Thanks, Florian. Are you not currently expecting the PKPSubmissionNlmXmlFilter.inc.php to return only the citation list? If I understand correctly, we'll have to either make sure anything currently using the PKPSubmissionNlmXmlFilter knows that it may receive more than just the reference list, or we should rename the PKPSubmissionNlmXmlFilter to something more indicative of its purpose.

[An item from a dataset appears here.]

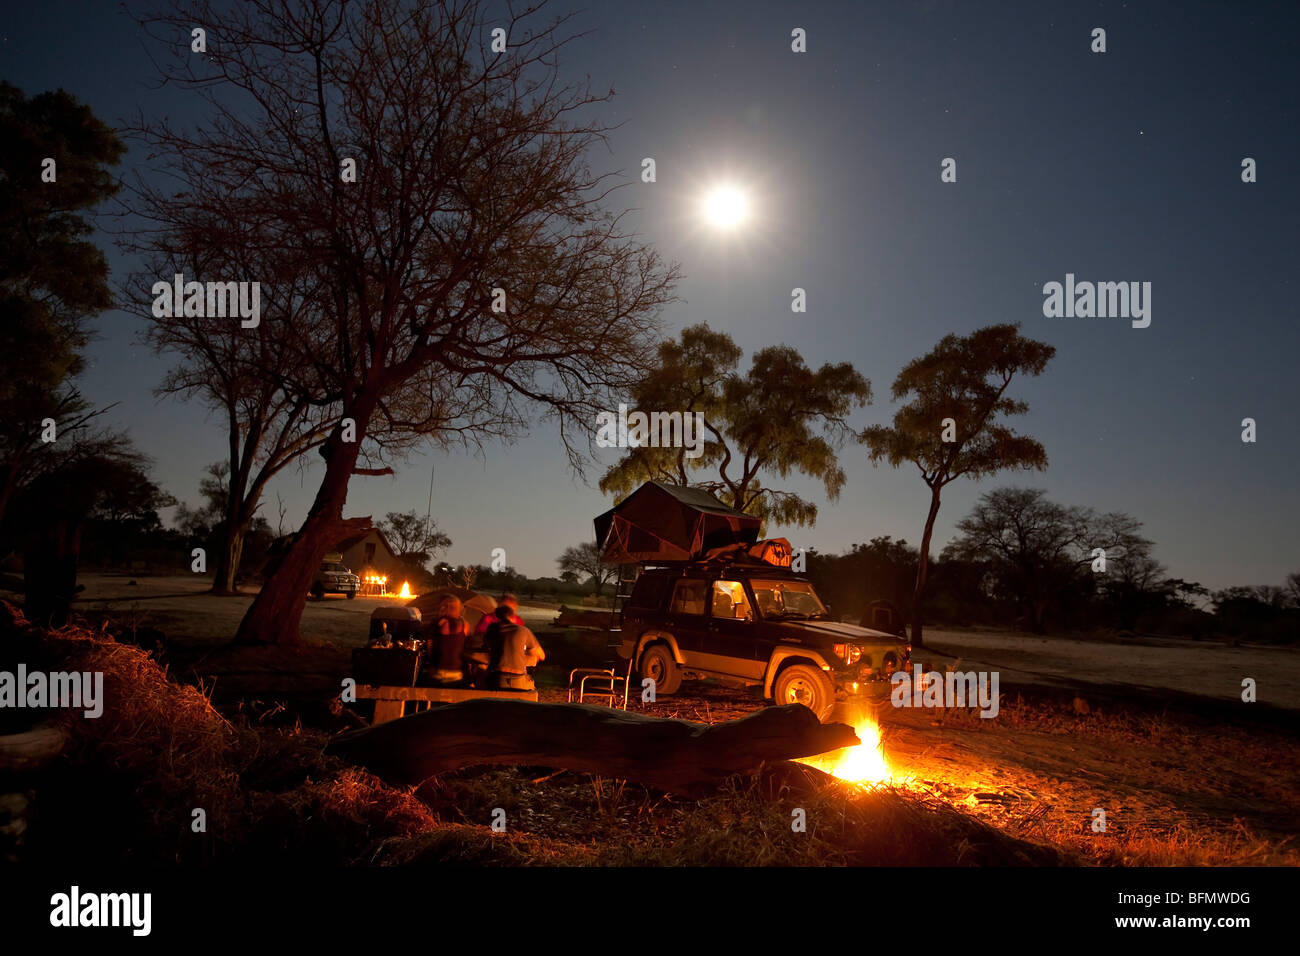 Botswana, Savuti. Una familia disfruta de su comida por el fuego, con la expedición 4x4 en el fondo. Imagen De Stock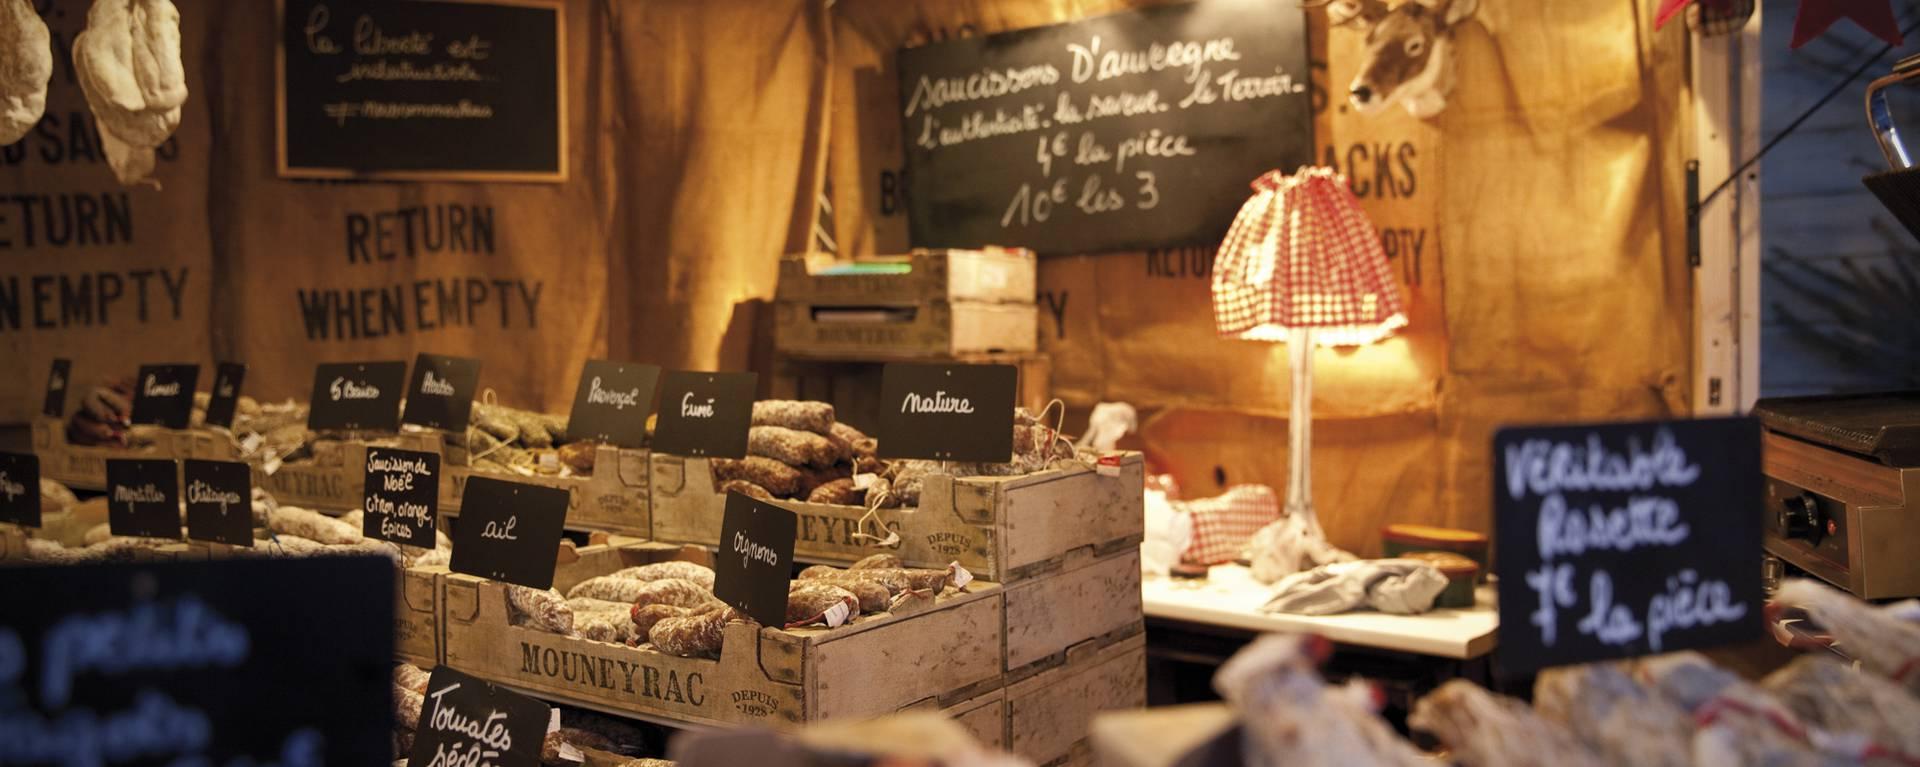 Des produits pour les fêtes © Brigitte Baudesson

Hi Alec, no, it's absolutely ok if the filter returns full NLM. That would immediately result in people having access to full NLM output (including references) from the citation assistant. I guess that's much more useful than just getting a citation list. At least that's what I gathered from Juan's feedback and from the initial intent of L8X. I just didn't hope that we'd get that far before the release. :-) The ref-list output was just a compromise. I don't think there's any general re-use of reference-only output as long as you make sure that you keep the app-specific parts apart in the object model so that we can re-use the re-list part internally (see my mega-comment before). And for the renaming: Of course. I'd be happy if you could think of something more descriptive. I usually name my filters like this: [PKP]<FromType><ToType>Filter (i.e. transforming a Submission to NLM XML). Nlm30 rather than Nlm only would probably not hurt as well as an indication that it's about the full ArticlePublishing element set and not the citation element only.
Deferring the NLM rewrite until later. References should be getting served up (will test).